The simplest (technologically speaking) GPS jammer could be any powerful transmitter in the 2.4GHz region. A slightly modified microwave oven would work perfectly. An unmodified microwave oven is already a significant source of interference to 2.4Ghz Bluetooth and WiFi communications while in use.
When handling jammer, is it troubled by no information? Whether it is because you do not know how much power left and do not know when to charge? It does not matter, there has been a display with a liquid crystal display jammers, the above will show the interference of the band, power and other information.
Whilst evading such jamming is easily possible and having an autopilot likewise, are they currently built into the available drones in a way that can not be overridden by a jamming system who’s manufacture has shall we say a not publicly known arrangement with the drone manufacturer?
This can be done with the kind of Wi-Fi RF cell phone jammer that is sold to military and government groups.
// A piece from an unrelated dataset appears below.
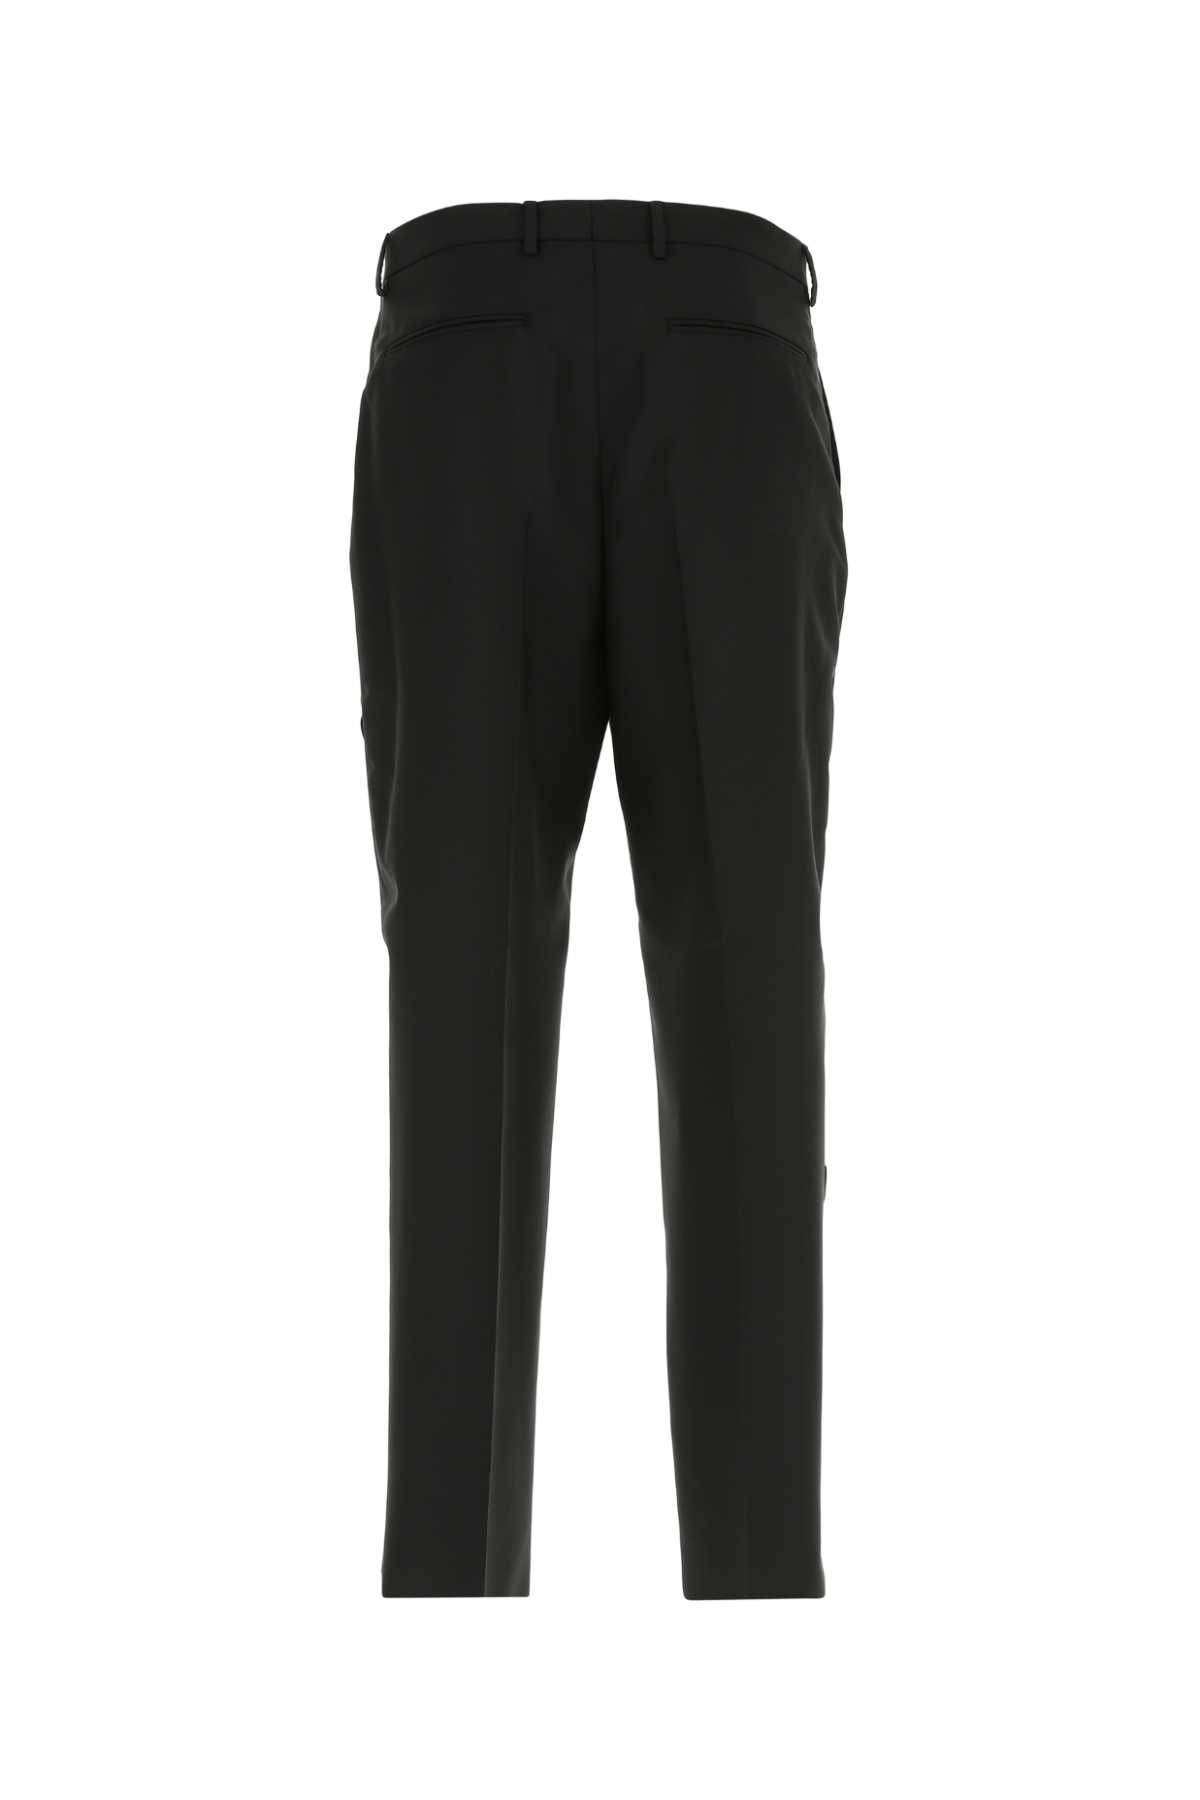 Shop Valentino Black Wool Blend Pant In 0no

These Wi-Fi jammers will stop most, if not all, hobbyist, commercial and unsophisticated terrorist drones and cause them to return to where they launched with very little chance of doing much more than interfering with people’s Wi-Fi connection in the very near vicinity.
Simply pushing lots of CW power into the ether is the most inefficient method of jamming and rarely used because of this. More efficient is a tailored jamming system that is modulated in a way that causes problems in the demodulator of the receiver being jammed, usually by using a high peek pulse power at a critical frequency to the receiver demodulation. Even more efficient is to mess with the stages beyond the receiver such as sending valid modulation that mucks up the computer data processing.